Bo's Coffee is a Filipino coffee and coffeehouse chain. It was founded by Steve Benitez in 1996 in Cebu City, Philippines. The company operates a total of 91 outlets throughout the Philippines, with about 30 of them located in Metro Cebu, where it is based. Bo's Coffee sources coffee beans from farmers from Sagada, Mountain Province, Mount Kitanglad in Bukidnon, Mount Matutum in Tupi, South Cotabato, and Mount Apo.

The shop was unsuccessfully founded in 1996. After a period of low sales, Benitez bought a coffee machine to expand the business. Benitez sold free samples, which steadily increased the business and led the business to have another branch.

The shop has a total of 103 branches, with two in United Arab Emirates and eight in Qatar.

The business has differing products, such as coffee beans originating from different regions in the Philippines, to coffee-related drinks, although there are some non-coffee drinks. There are also snacks such as cake. The business has had a partnership with Red Bull. It has relatively positive reviews, with reviewers noting their store's appearance and reported efficiency, though some problems are noted, like bugs and insects to slow workers.

==History==

=== Origins and start ===
The idea of starting a coffee shop came to Steve Benitez when he was a student in Ateneo de Manila University. Benitez drank coffee to stay awake while studying. In 1992, his parents wanted to shut down their family-owned business, specifically Ric's Barbeque located on Ramos Street, Cebu City. Steve, the youngest of the five Benitez siblings, took over the management of the family business and left Ateneo de Manila Law School. After attending various seminars, Steve Benitez decided to open Bo's Coffee in Ayala Center Cebu in June 1996. Two months before the shop opened, his business partners backed out. The business wasn't successful in the first few months, with daily sales of 300 pesos ($5) to 1,000 ($17), less than the rent of 10,000 pesos ($174).

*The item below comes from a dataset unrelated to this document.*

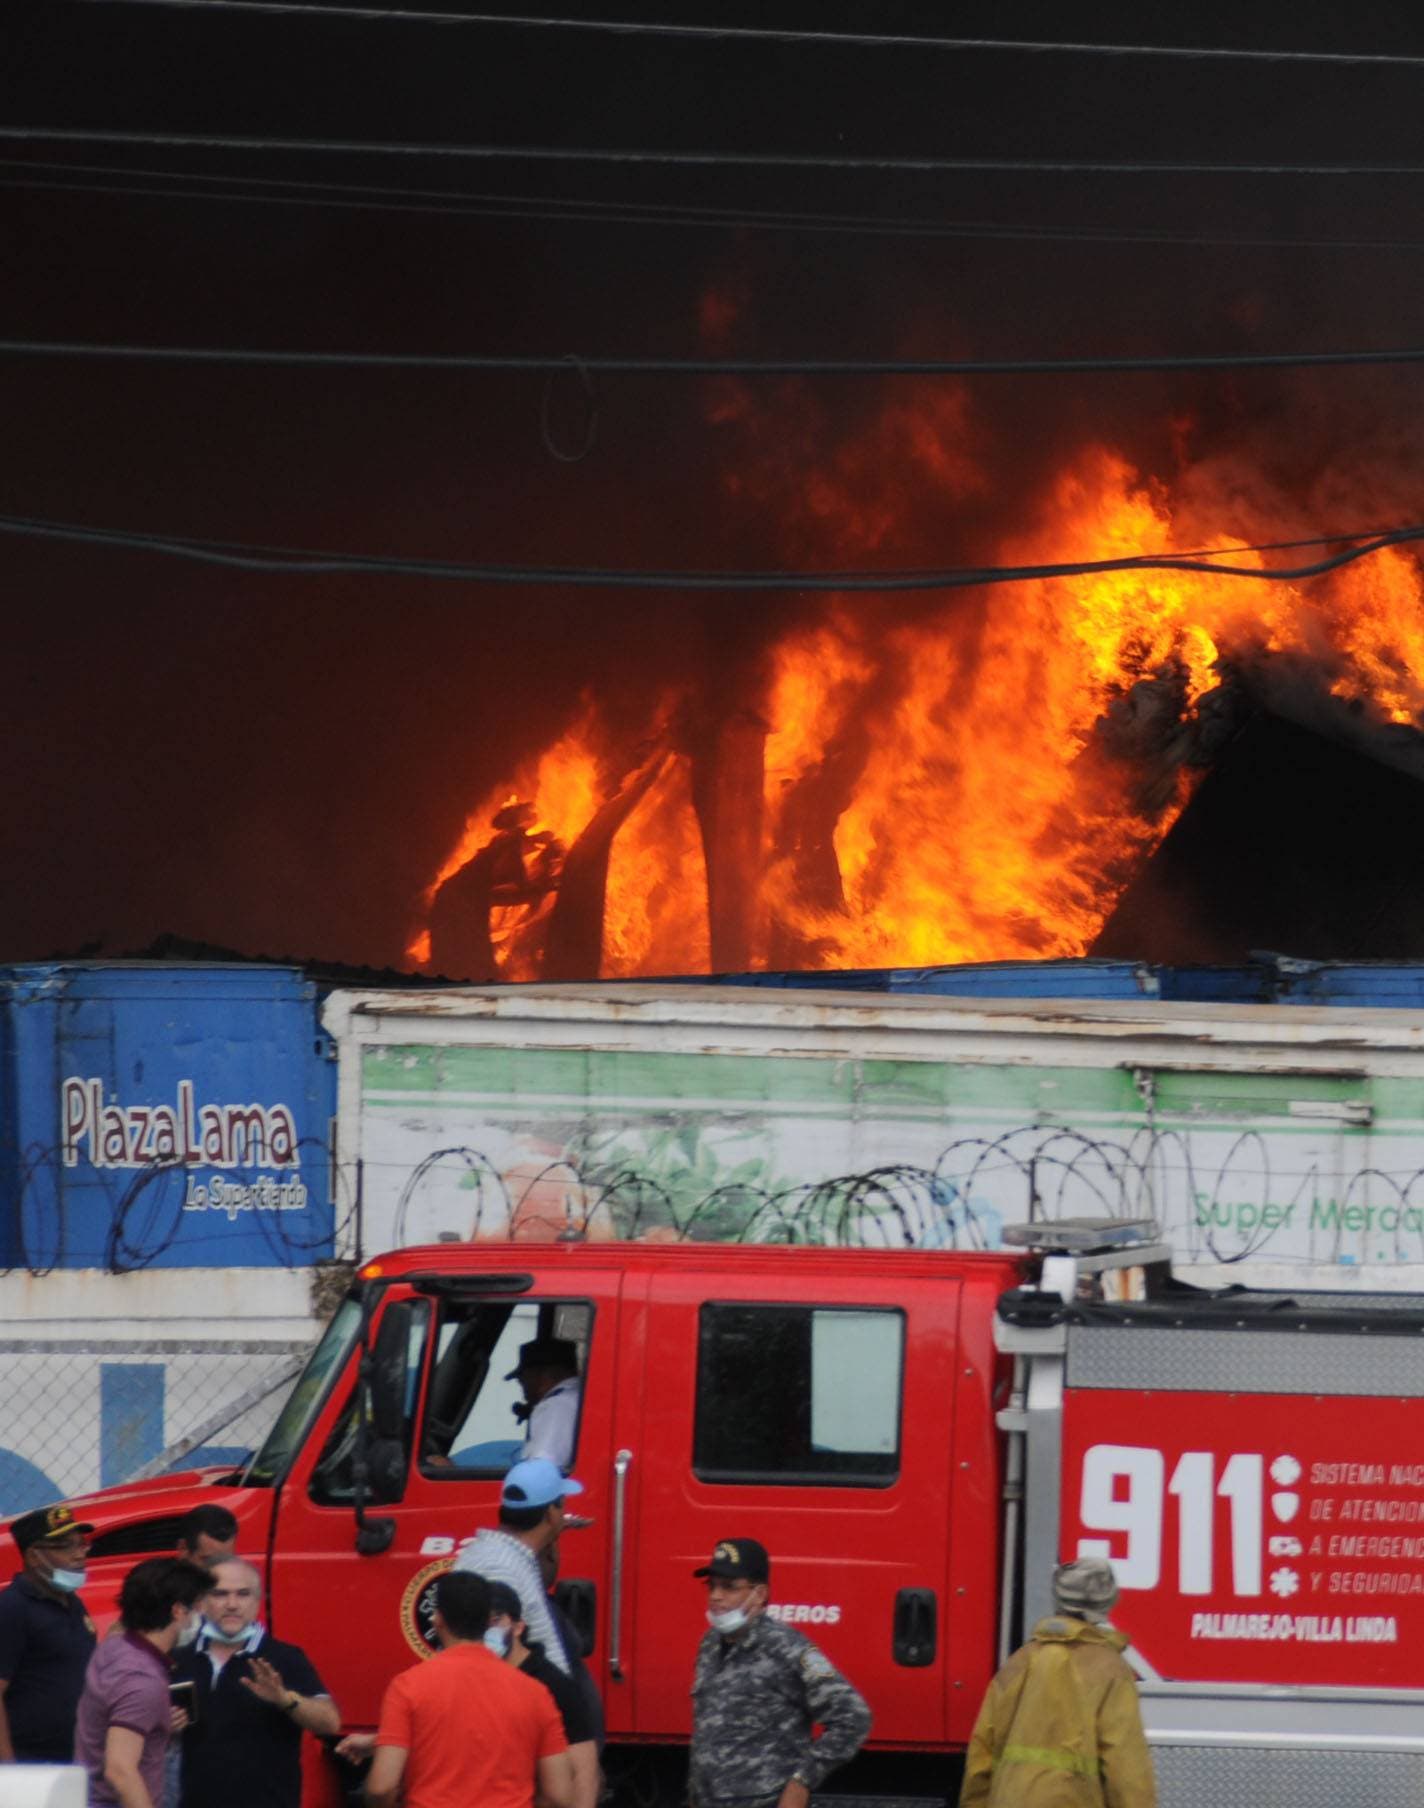 Vea en fotos uno de los incendios más grandes en RD, el del almacén de Plaza Lama

=== Spread and present ===
Benitez bought his first coffee machine from a coffee show in Singapore for 65,000 pesos ($1,130). He hand-carried the machine in his flight back to Cebu and started on an investment of 100,000 pesos ($1,739). At first, Benitez gave away free samples, as the Cebuano market was not yet familiar with his concept. Sales picked up on the sixth month and then steadily increased, enabling him to put up another coffee cart in SM City Cebu.

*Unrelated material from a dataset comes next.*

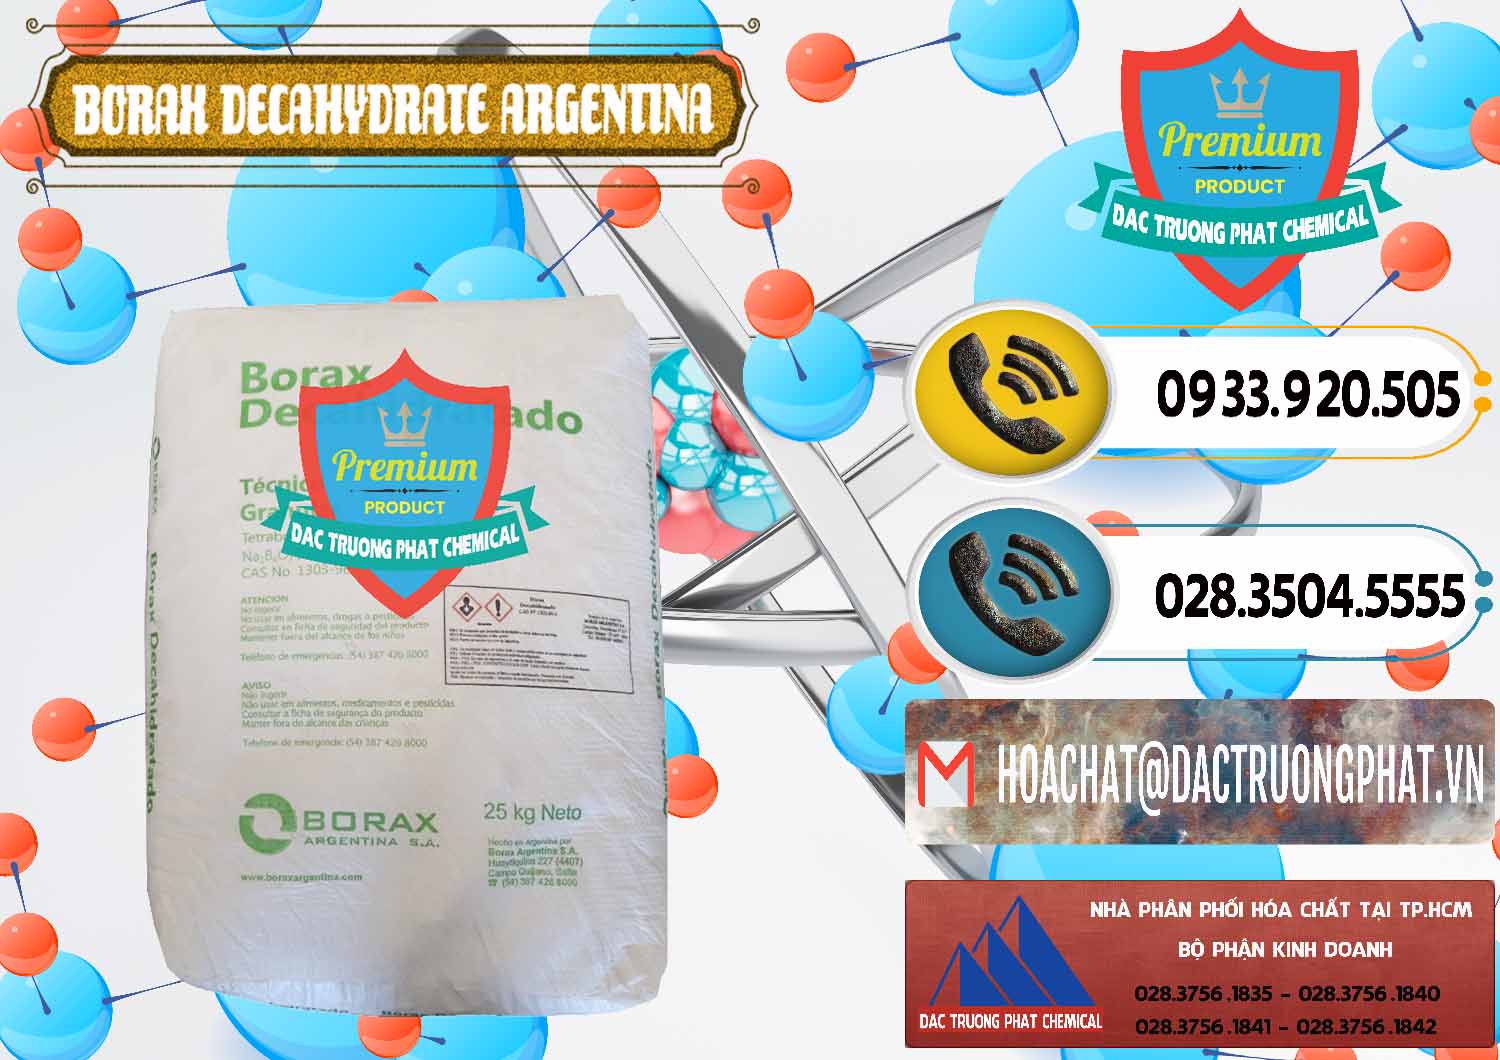 Đơn vị chuyên nhập khẩu - bán Borax Decahydrate Argentina - 0446 - Cty kinh doanh và phân phối hóa chất tại TP.HCM - hoachatdetnhuom.vn

In June 2016, commemorating the 20th anniversary of Bo's Coffee, the brand created a festival named Coffeechella in Cebu. The store hosted the event, with 25 other stores participating in the event, such as Bayani Brew, Anthill Fabric Gallery, Theo & Philo, Tsaa Laya, Habi, and Loudbasstard. An art exhibition was displayed, with coffee painting lessons. In 2018, the Navegar Fund decided to invest in the company to help farmers, one of the missions of the Philippine-focused fund. Other than funds, the company invested in newer brands such as Theo and Philo Chocolates, Bayani Brew, Anthill Fabric Gallery, and Hope in a Bottle.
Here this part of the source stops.